Dubai - Arab Today
Newly listed shares of the retail division of Dubai's Emaar Properties soared on their first day of trading Thursday, highlighting rising confidence in the Gulf emirate's market after a crisis-triggered slump.
The group, which owns the Dubai Mall, one of the world's largest shopping centres, carried out an initial offering of shares to the public last month aiming to raise $1.58 billion (1.24 billion euros).
Demand from institutional investors in what was the largest IPO in the United Arab Emirates since the global financial crisis struck in 2009, was 30 times higher than the number of shares on offer.
Sold ahead of their listing on the Dubai stock exchange at the top offered price of 2.90 dirhams ($0.79), Emaar Malls Group shares jumped 20 percent to around 3.50 dirhams at Thursday's opening.
They ended the day at 3.25 dirhams, for a gain of 12.07 percent.
That price puts market capitalisation at approximately 37.7 billion dirhams, the group said in a statement posted on the Dubai Financial Market website.
With demand 30 times oversubscribed among institutions and 20 times among individuals, the final allocation was 70-30, the group said.
"Institutional investments represent a testimony.

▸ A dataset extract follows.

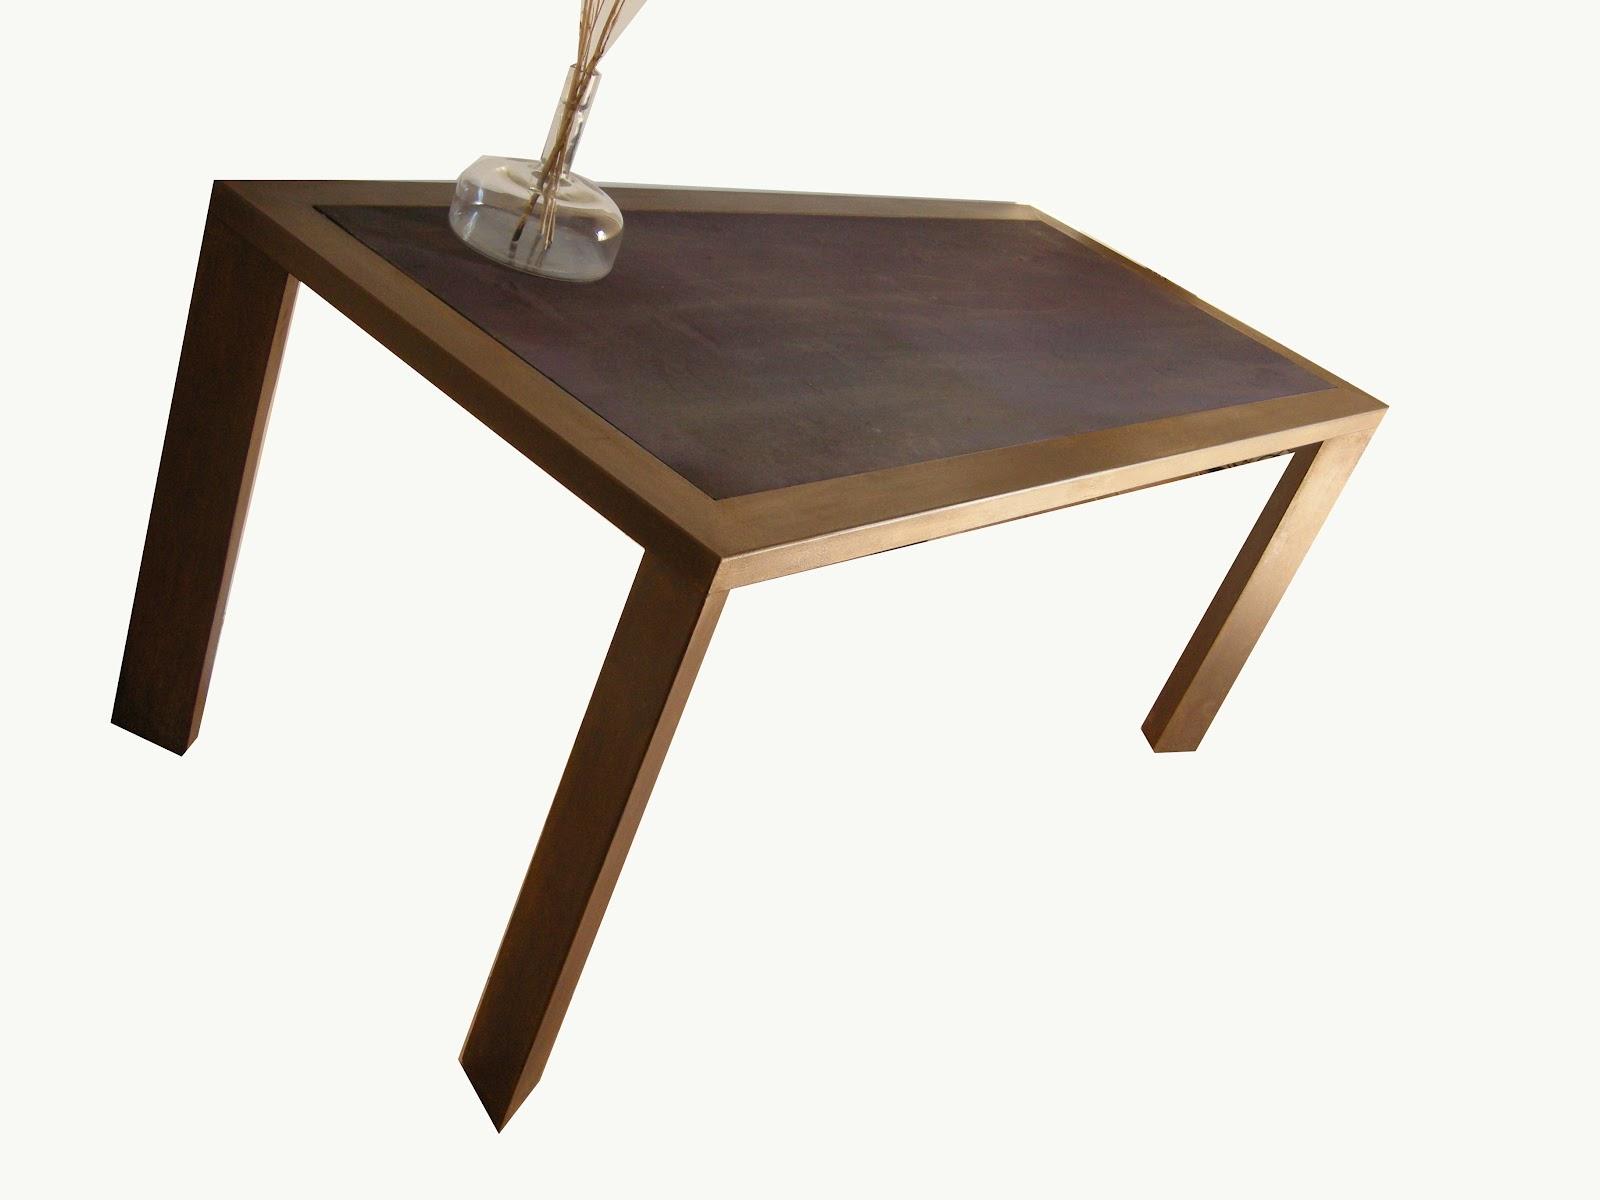 Architettura e design tavoli in ferro e legno - Tavoli in legno e ferro ...

Those make calculated decisions based on studies, and are not emotional," said financial analyst Ziad Dabbas, adding that allocating 70 percent to institutions was a "smart move."
"They have the financial liquidity, and they do not follow rumours in their action," he said.
- 'Surpassed our greatest expectations' -
Emaar Malls chairman Mohamed Alabbar, who led the bell-ringing ceremony kicking off Thursday's trade, said "the response from investors to the offering has surpassed our greatest expectations."
It is a "testament to the confidence in the Emaar Malls business and the UAE's financial markets," he said.
After soaring 107.8 percent in 2013, the Dubai Financial Market Index surged another 49.6 percent in the first nine months of this year, despite a mid-year hiccough caused by profit taking.
Financial expert Wadah Taha said the "level of confidence in the economy of Dubai" boosted interest in the IPO. In particular, he noted a rise in interest from foreign investors following the May upgrade of UAE stock markets from "frontier markets" to "emerging markets" status.
Taha also pointed to the "lesser risks" connected to Emaar Malls' business, as well as a flourishing tourism sector that could only mean better business.
A rise in bank assets and liquidity, which has brought interest rates down, has provided a suitable environment for companies seeking to raise capital, he added.
"IPOs create depth in the market, reduce the possibilities of inflation and add to diversification," Taha said.
Dabbas said the "market needs opportunities. Successful government companies and large family businesses should partially open up through public offers.
Emaar Properties, the parent group of EM, is the largest listed company on the Dubai Financial Market. It was behind several landmark property developments, including the world's tallest tower, Burj Khalifa.
Dubai Mall had 74.8 million visitors in 2013, a number reaching 40 million in the first six months of this year.
Dubai's economy has made a strong comeback since the global financial crisis, thanks to growth in trade, transport and tourism.